Current guidance suggests using a single governance model even when the technical controls differ: one control standard, multiple enforcement points, and continuous validation. That is consistent with the NIST Cybersecurity Framework 2.0 approach to asset visibility, protective control consistency, and ongoing monitoring. These controls tend to break down in hybrid enterprises with acquired businesses and partner-managed IAM because policy exceptions proliferate faster than governance can reconcile them.

Common Variations and Edge Cases

Tighter phishing-resistant governance often increases integration and migration overhead, requiring organisations to balance stronger assurance against operational complexity. That tradeoff becomes sharp when one IAM stack is modern and another is tied to older protocols, outsourced administration, or regulatory carve-outs.

There is no universal standard for this yet, but best practice is evolving toward treating each IAM system as a separate assurance domain rather than assuming a label like “MFA enabled” means equivalent protection. A platform may support WebAuthn or certificate-based login, while another still permits fallback channels that are easier to intercept or replay. The same issue appears in non-human access when secrets live outside a central manager or when federated trust is accepted without equivalent issuance and revocation discipline. NHI Management Group notes that 96% of organisations store secrets outside secrets managers in vulnerable locations, which makes fragmented governance especially dangerous when those systems do not share the same control model. See also the Top 10 NHI Issues and the Ultimate Guide to NHIs — Regulatory and Audit Perspectives for audit pressure points.

The main edge case is M&A and shared-service environments, where perfect standardization is unrealistic in the short term.

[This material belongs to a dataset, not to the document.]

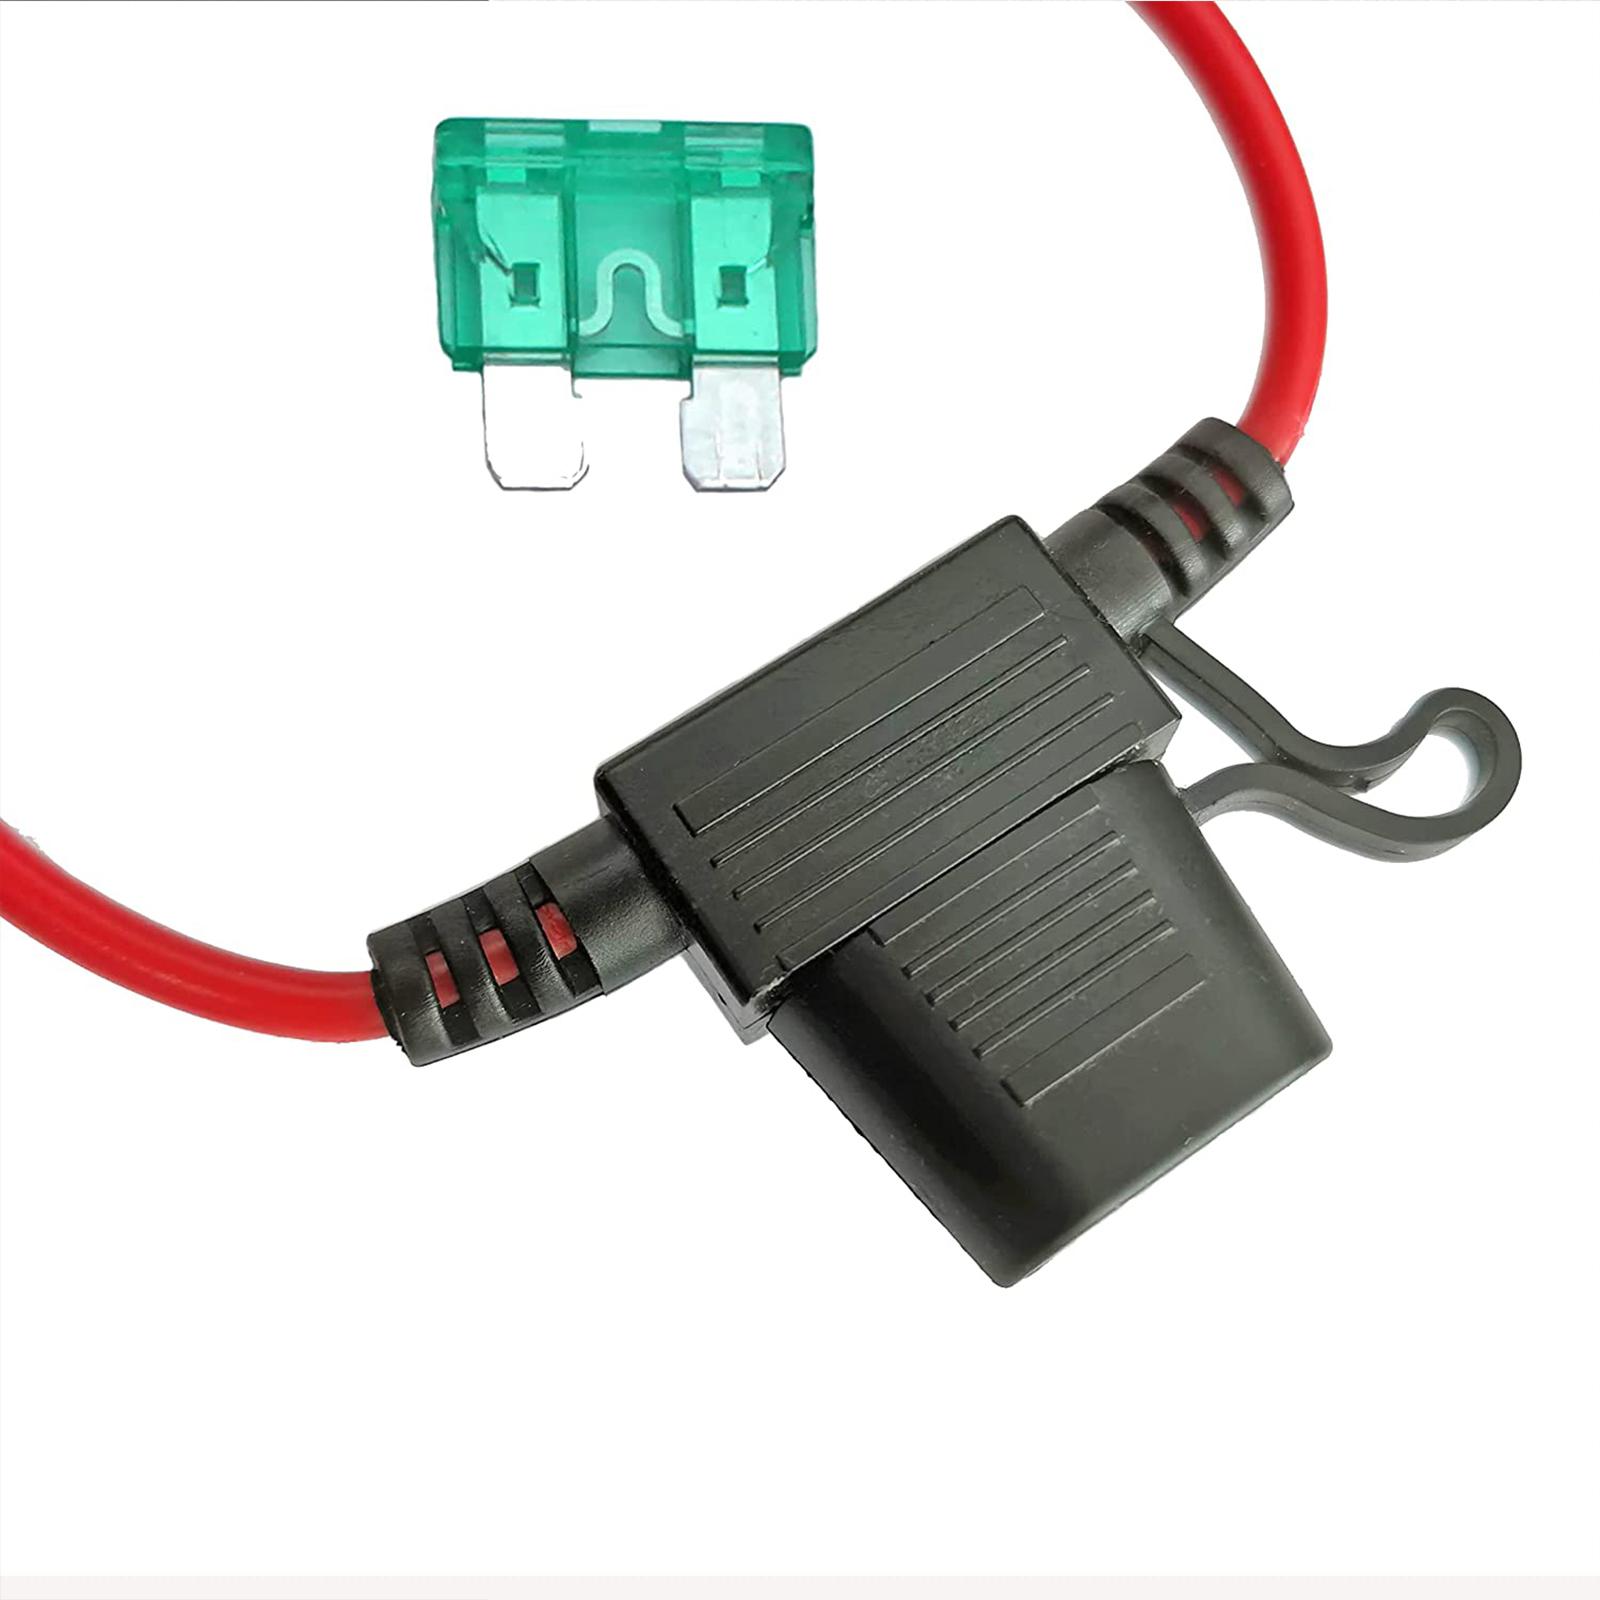 Professional Electric Fuel Pump Relay Set for 12V System Vehicles

In those cases, governance should focus on documented exceptions, compensating controls, and measurable remediation timelines rather than pretending all systems already provide the same phishing resistance.

Standards & Framework Alignment

This section maps relevant standards and security frameworks to the operational risks and controls described in this guidance.

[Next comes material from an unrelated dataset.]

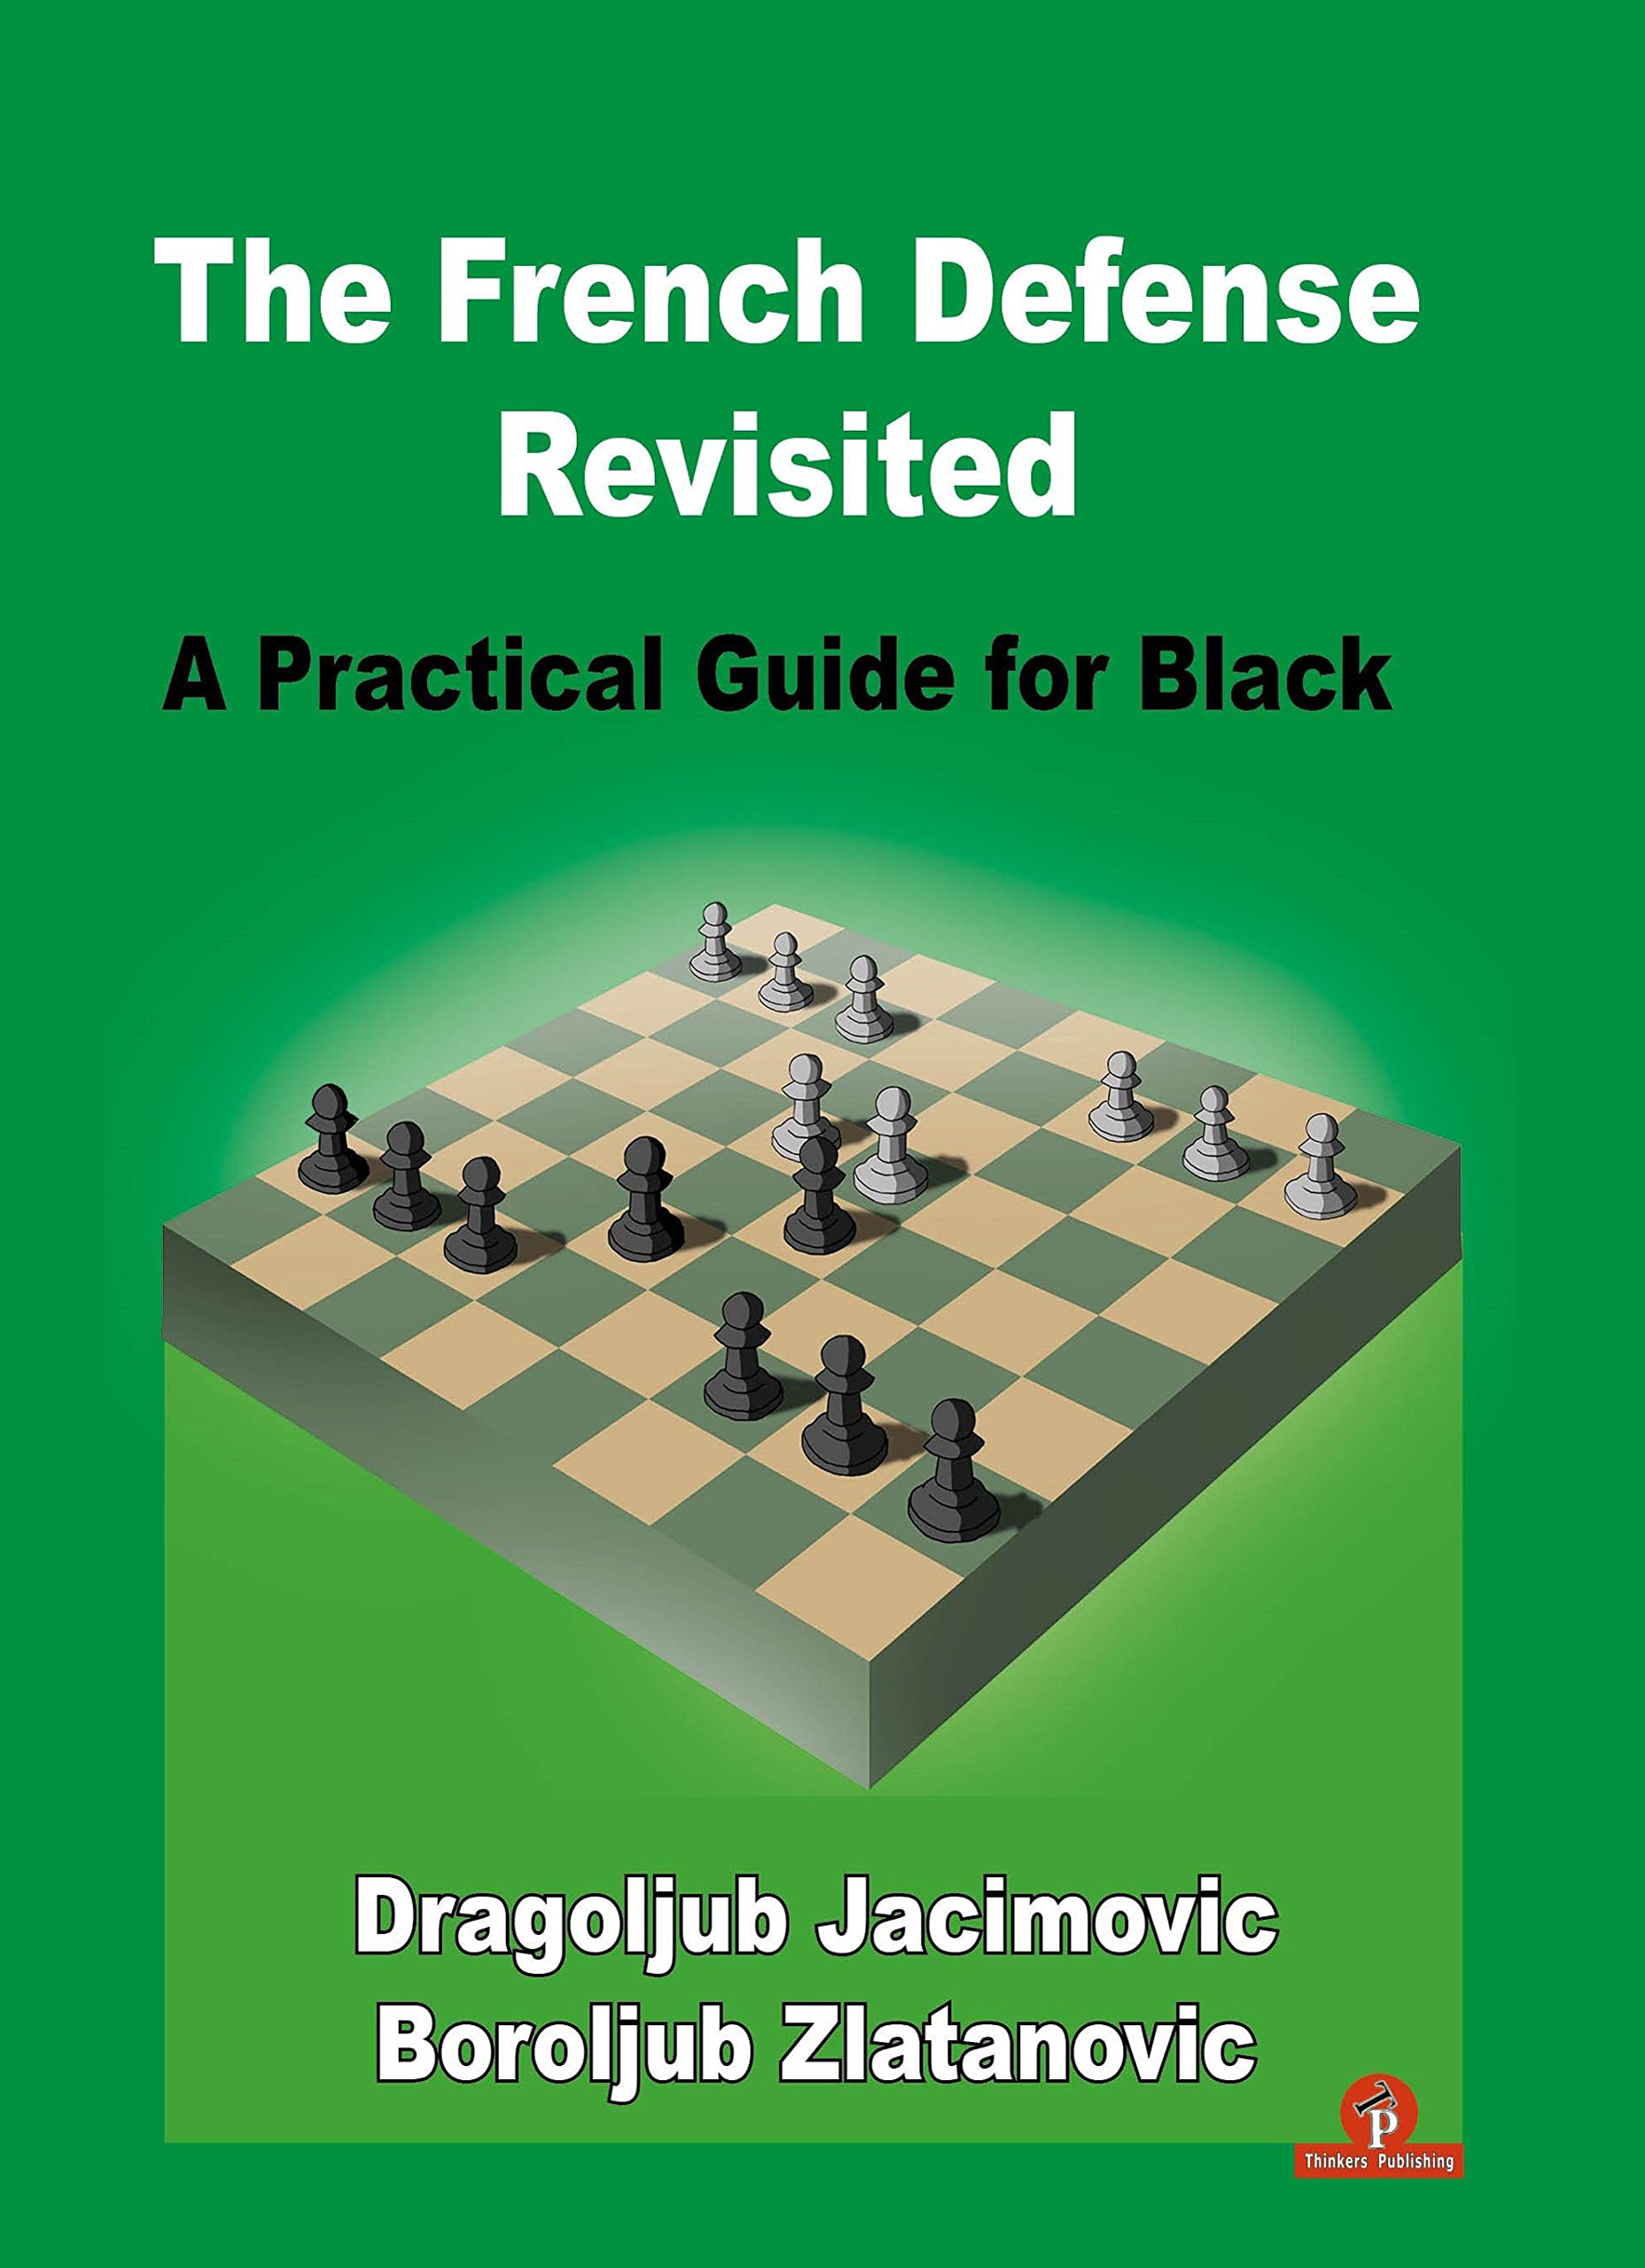 The French Defense Revisited. A Practical Guide for Black

OWASP Non-Human Identity Top 10 address the attack and risk surface, while NIST CSF 2.0 and NIST AI RMF set the governance and control requirements practitioners need to meet.

Framework Control / Reference Relevance
NIST CSF 2.0 PR.AC-1 Addresses identity proofing and access control consistency across systems.
OWASP Non-Human Identity Top 10 NHI-03 Covers weak secret lifecycle and replayable NHI credential exposure.
NIST AI RMF Supports governance of context, monitoring, and risk across distributed identity systems.

Use AI RMF governance practices to validate access decisions and monitor drift continuously.